# Help me Date and identify this wood stove



## Breeze2399 (Dec 11, 2017)

I bought a small wood stove in this area in Jacksonville, FL. We have  few Civil war Battle fields in the area and this place was a hangout during the great depression due to work and weather. 

What I know is this. 

It has 3 out of 4 original looking legs. 
I think it has a replacement vent cover on it. 
I think one of the two burners has been replaced. 

Manufacturer: Columbus Iron Works. 
Model No: Model Number 72 appears on the top of the stove. 

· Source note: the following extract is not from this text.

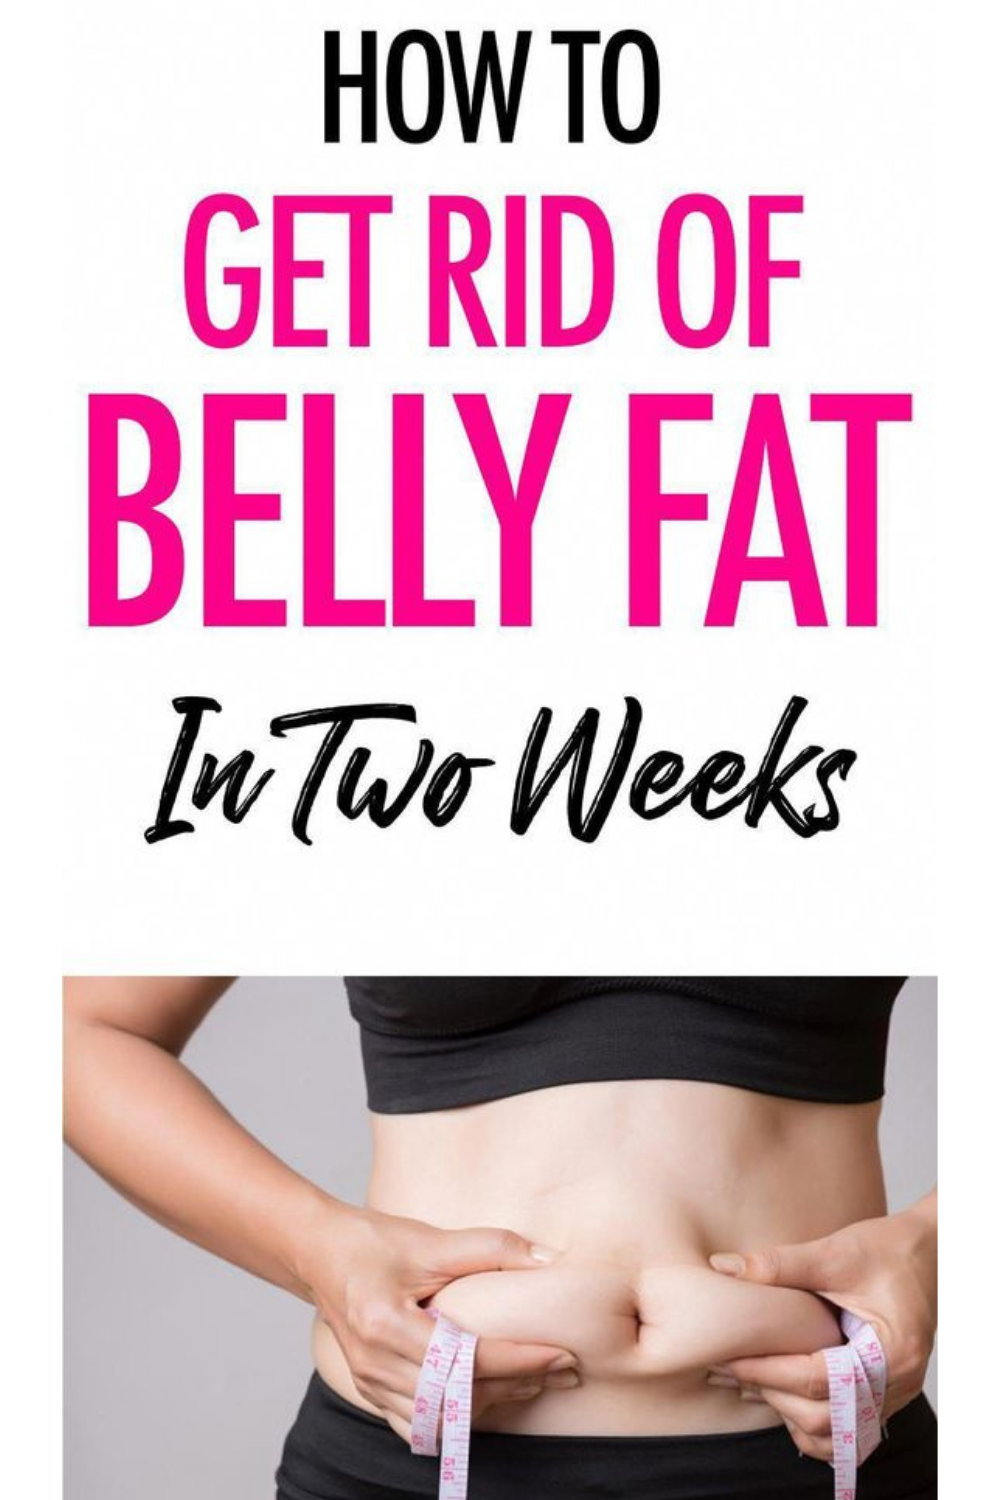 Pin on HOW TO GET RID OF BELLY FLAT IN TWO WEEKS
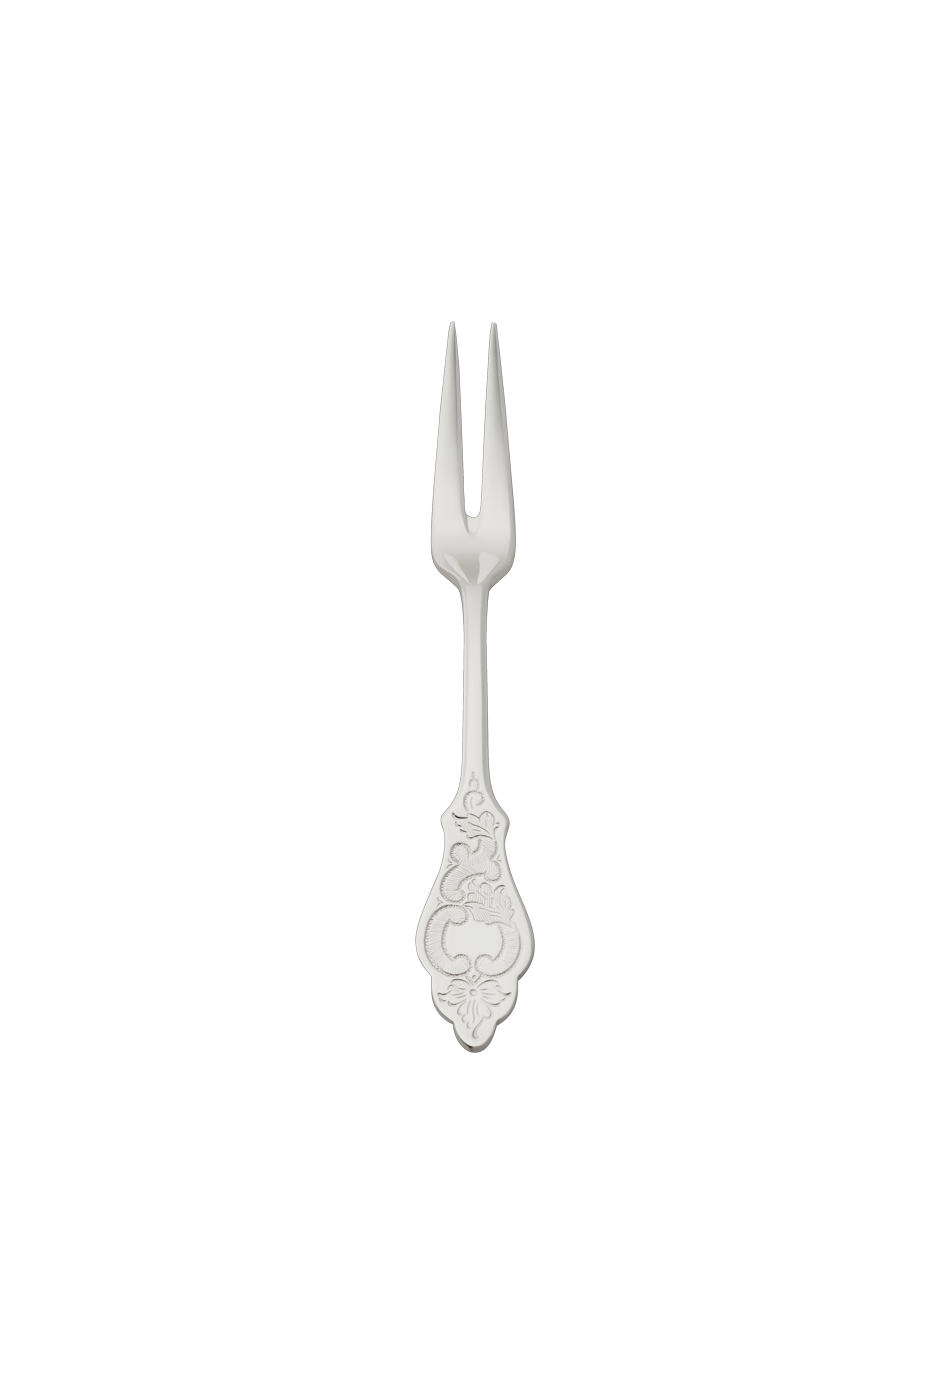 Ostfriesen Meat Fork, large (150g massive silverplated)

I'd like to figure out what I have ,but most importantly how old?  I had a very interesting story that came with it when I went to pick it up.


----------



## coaly (Dec 11, 2017)

Coal fired laundry stove. Made at that foundry from the 1920's and after.
See if there are any patent numbers anywhere.
When fired a lifter handle is used to remove both eyes and the center support. A laundry copper boiler fits over the hole to give direct contact with the coal fire on the bottom of boiler. They are built low so when using a plunger type agitator it is waist high.
If the lids are 7 inch , the model number probably stands for 7 inch x 2 openings.I'm familiar with other numbering systems that were used on cook stoves, but I'm not sure about laundry stoves. The diameter of fire pot was used for model numbers for parlor and potbelly.
Company history;
http://www.castironcollector.com/columbusiw.php


----------